Well, basically you follow the same steps as when encoding:

You start with the encoded number, and at each step you calculate the
number of possibilities for the remaining bits, assuming a 0.  When the
accumulator is smaller than that, output a 0, otherwise output a 1 and
subtract it from the accumulator.


SaSW, Willem
-- 
Disclaimer: I am in no way responsible for any of the statements
            made in the above text. For all I know I might be
            drugged or something..
            No I'm not paranoid. You all think I'm paranoid, don't you !
#EOT

Willem wrote:
> Also, you need to
> calculate the total number of possible combinations of bits, rounding up to
> the next power of two.  This gives you how many bits you need to output.

Just for kicks, here it is (took a few seconds to type into
Mathematica):

Sum[Binomial[400, n], {n, 0, 30}]
1549835246319296875396604627597789530400430472

Log[2, %] // N
150.119

So the best you can do would be 151 bits for the shortest maximum code
length.

Mark Adler

Mark wrote:
) Willem wrote:
)> Also, you need to
)> calculate the total number of possible combinations of bits, rounding up to
)> the next power of two.  This gives you how many bits you need to output.
)
) Just for kicks, here it is (took a few seconds to type into
) Mathematica):
)
) Sum[Binomial[400, n], {n, 0, 30}]
) 1549835246319296875396604627597789530400430472
)
) Log[2, %] // N
) 150.119
)
) So the best you can do would be 151 bits for the shortest maximum code
) length.

152 bits is 19 bytes, and 160 bits is 20 bytes...
So if you absolutely need to store it in 19, go for the more difficult
exact approach, if you can handle 20, use an arithcoder with fixed 0/1
probabilities, to get a worst case of 154 bits, which means you have
6 bits of play (you need a few for arithcoding).


SaSW, Willem
-- 
Disclaimer: I am in no way responsible for any of the statements
            made in the above text. For all I know I might be
            drugged or something..
            No I'm not paranoid. You all think I'm paranoid, don't you !
#EOT

On Jan 22, 11:51 pm, iso885...@gmx.de wrote:
> Hello everyone.
>
> I need ideas for a compression algorithm to compress a special kind of
> bitfield. It contains always 400 bits and up to 30 bits are 1s, the
> other bits are 0s.
>
> My ideas are:
>  -using RLE on bits
>  -stop transmitting after 30 1s
>
> The problem - only the worst case performance of this algorithm
> matters.
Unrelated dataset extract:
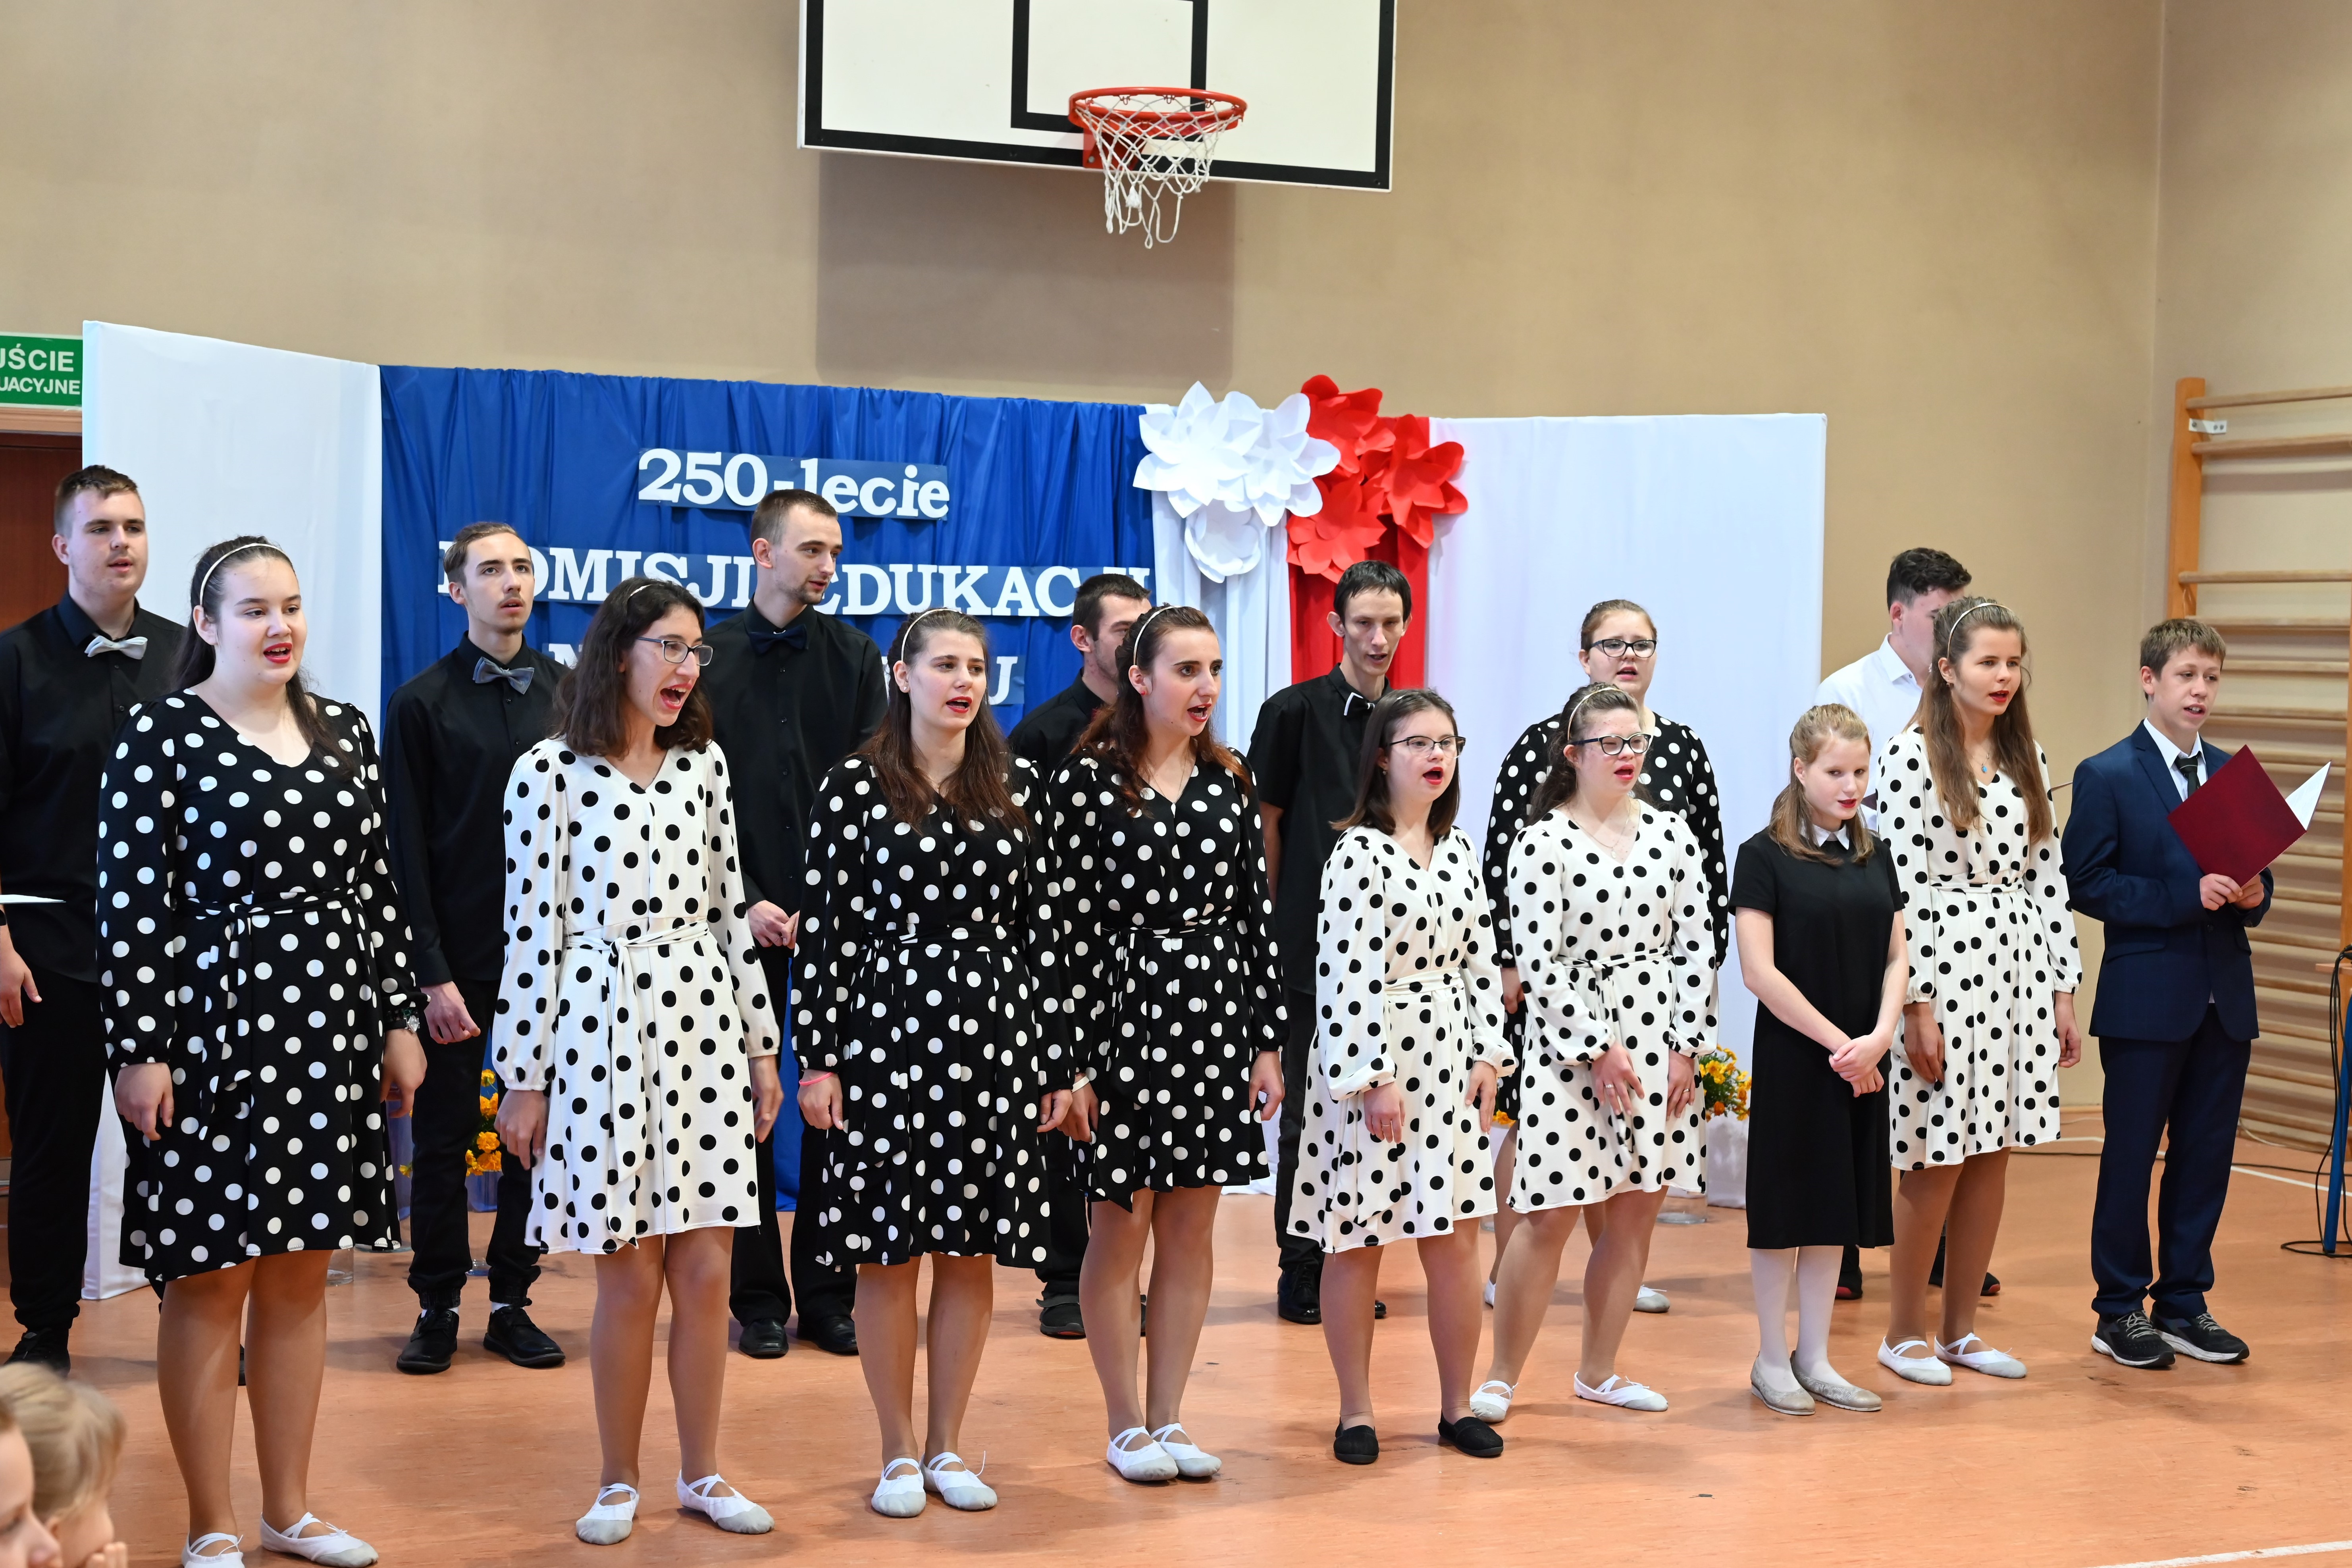 Dzień Edukacji Narodowej | Duża grupa młodzieży ubranej galowo chóralnie śpiewa piosenkę podczas alademii. Dziewczynki w białych sukienkach w czarne kropki lub w czarnych w białe kropki, chłopcy w czarnych lub białych koszulach, jeden w garniturze. W tle dekoracja..JPG

I'd be grateful for any additional ideas.

It would be a trival matter to modify a very simple arithmetic coder to
 use for
a count of 370 zeroes and 30 ones it would use  150 bits max
  if  you allow for 0 to 30 ones then you could encode that fact at the
start.
let a 0 mean 30 bits are one that would give 151 bits max for the
encoding
a 10 would mean 29 bits max and so on.  The fewer the number of actual
ones
the shorter the encoded string.  You could search for a way with few
cases ending
in 151 bits but  why bother since  if you need to store this as data
you could 
use 19 byte fixed size records to handle the problem.

iso8859-1@gmx.de wrote:
> Hello everyone.
> 
> I need ideas for a compression algorithm to compress a special kind of
> bitfield. It contains always 400 bits and up to 30 bits are 1s, the
> other bits are 0s.
> 
> My ideas are:
>  -using RLE on bits
>  -stop transmitting after 30 1s
> 
> The problem - only the worst case performance of this algorithm
> matters. I'd be grateful for any additional ideas.
> 

I know I'm way late on this, but consider starting with merely encoding 
the positions of the 1 bits.  Then encode the difference - 1 between the 
bits.  You can use a variable length code depending on the remaining 
size of the data (initially 9 bits, 8 bits when you get to the halfway 
point, etc.).  I haven't run the numbers, but I suspect that this method 
would run close (on average) to the 150 bits option provided by Willem 
(assuming worst-case always 9 bits, you get 275 bits - 5 for the count, 
270 for the 9 bit deltas, or 14 bits - 5 for the count, 9 for the 1 entry).

  - Josiah

On Feb 14, 12:29 am, Josiah Carlson <josiah.carl...@sbcglobal.net>
wrote:
> iso885...@gmx.de wrote:
> > Hello everyone.
>
> > I need ideas for acompressionalgorithmto compress a special kind of
> > bitfield. It contains always 400 bits and up to 30 bits are 1s, the
> > other bits are 0s.
>
> > My ideas are:
> >  -using RLE on bits
> >  -stop transmitting after 30 1s
>
> > The problem - only the worst case performance of thisalgorithm
> > matters. I'd be grateful for any additional ideas.
>
> I know I'm way late on this, but consider starting with merely encoding
> the positions of the 1 bits.  Then encode the difference - 1 between the
> bits.  You can use a variable length code depending on the remaining
> size of the data (initially 9 bits, 8 bits when you get to the halfway
> point, etc.).  I haven't run the numbers, but I suspect that this method
> would run close (on average) to the 150 bits option provided by Willem
> (assuming worst-case always 9 bits, you get 275 bits - 5 for the count,
> 270 for the 9 bit deltas, or 14 bits - 5 for the count, 9 for the 1 entry).
>
>   - Josiah

Hi,
With input 400 bits ( max 30 bits '1'),
It is possible to compress to 245 bits or less.

Tam